Using Pragmatism for Problem Solving

When approaching a new problem that comes up in any field, there are many ways to go about solving it. Businesses, organizations, entities and even individuals will all have their own process by which they reach a solution to the problem, and because of this widespread disconnect, these separate entities rarely go well together. An employee’s method of solving a problem can be vastly different from what the business that employs them expects them to do. In the search for a universal methodology to problem solving, thinkers of the late 19th and early 20th centuries developed Pragmatism and Pragmatic Problem Solving.

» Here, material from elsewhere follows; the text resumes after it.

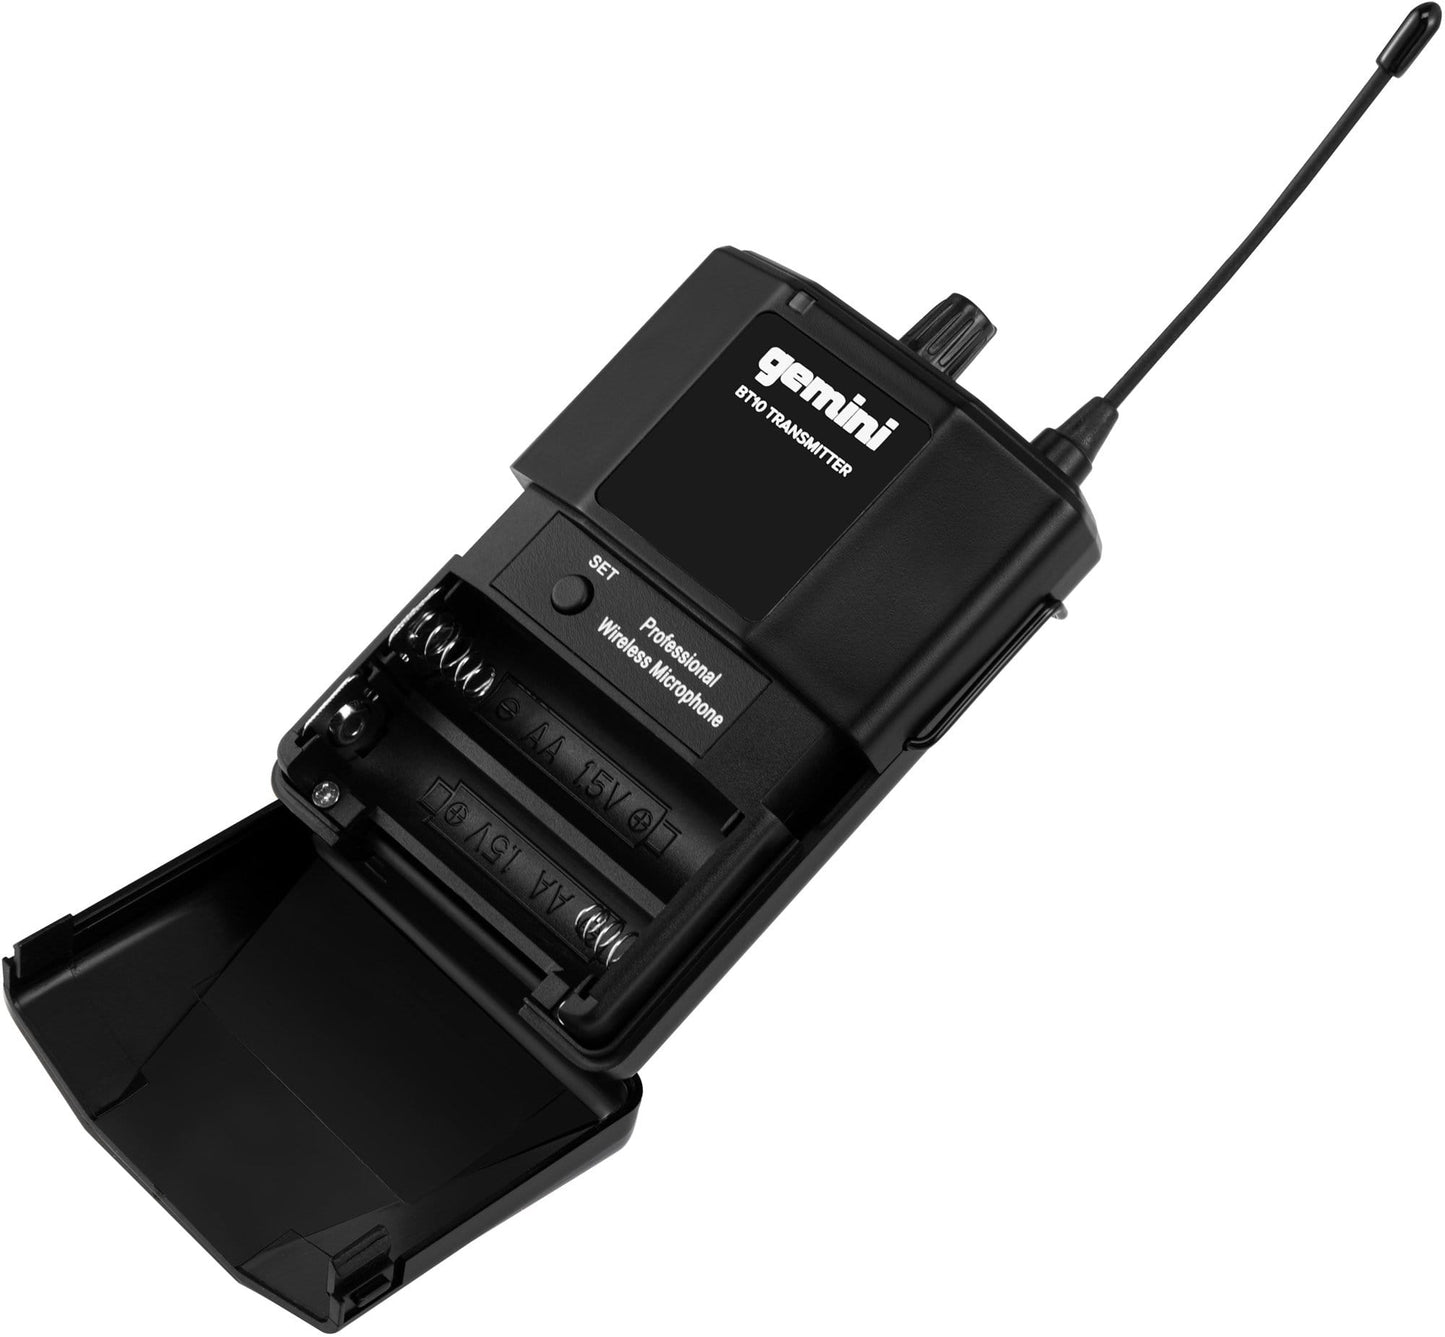 Gemini GMU-HSL100 UHF Headset Wireless Mic System - ProSound and Stage Lighting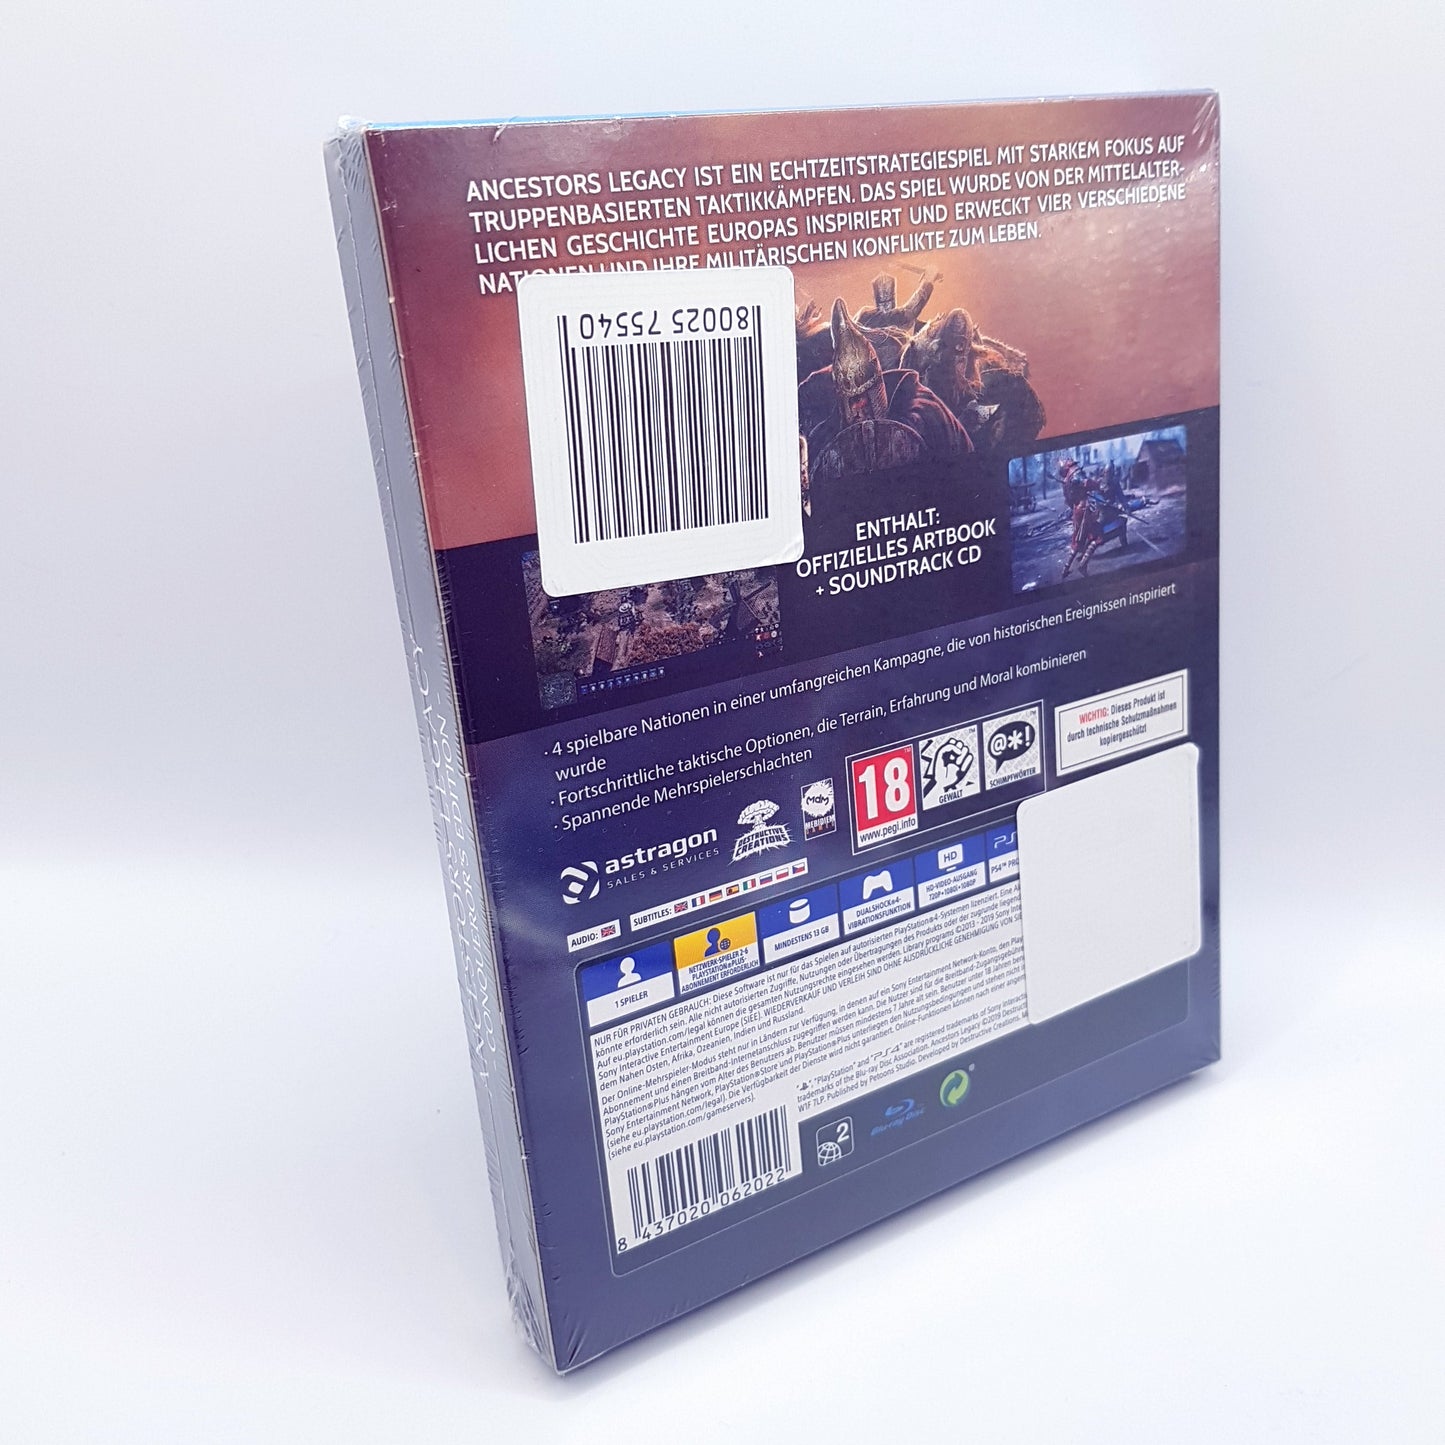 PS4 Playstation 4 - Ancestors Legacy - Conquer's Edition - NEU sealed

This is, essentially, the application of logic and reason to solve a present situation instead of using them to explore a larger idea or concept. It places focus exclusively onto the problem itself and all effort into forming a solution to the problem through inductive reasoning and knowledgeable logic.

The Simple Science of Thought

Being pragmatic often means being practical or having a readily available solution that satisfies the most immediate conditions. Pragmatic problem solving, therefore, searches for the most comprehensive solution that is within obtainable reach. It prioritizes the pragmatist way of thinking, that because everything is uncertain and changing there will never be an absolute truth or single best way. But there are Good ways that deserve focus, and the most immediate good solution will win out.

The problem solving method is broken into five steps:

Identify the problem.

Define an outcome.

Explore possible strategies.

Anticipate Outcomes of actions.

Look back and learn from it.

This is a somewhat universal approach to problem solving that reaches across all manner of boundaries. Adding pragmatism to it will remove any unnecessary thinking or words that could miscommunicate an objective intention towards reaching a stable solution to the problem at present.

Rationality Over Relativity

Pragmatism emphasizes the approach toward a demonstrable and obtainable truth, not an idealistic or “absolute” one. A solution should only work toward solving the problem that has been identified towards the defined outcome. Strategies that are explored and outcomes anticipated must all work within that single, rational limitation in order to be pragmatic. Any work done towards a higher solution, or towards a bigger problem than what is being solved, fails to

be pragmatic.

It’s one thing to want to, for example, feed a starving village. There are logistics and economics to factor in, costs of resources and labor and distribution to tally and a net-zero profitability where the feeding of the village can be sustained somewhat with goodwill or some kind of related income. That is a problem, defined and explored, towards a single solution that can be reflected on once it’s been reached. But if the problem extends beyond one village and encompasses the greater disparity of starvation globally, pragmatism would reject that scope of an issue as there would be no practical, rational and logical way to solve it.

Pragmatic problem solving is about small steps that are realizable, relatable and most importantly rational.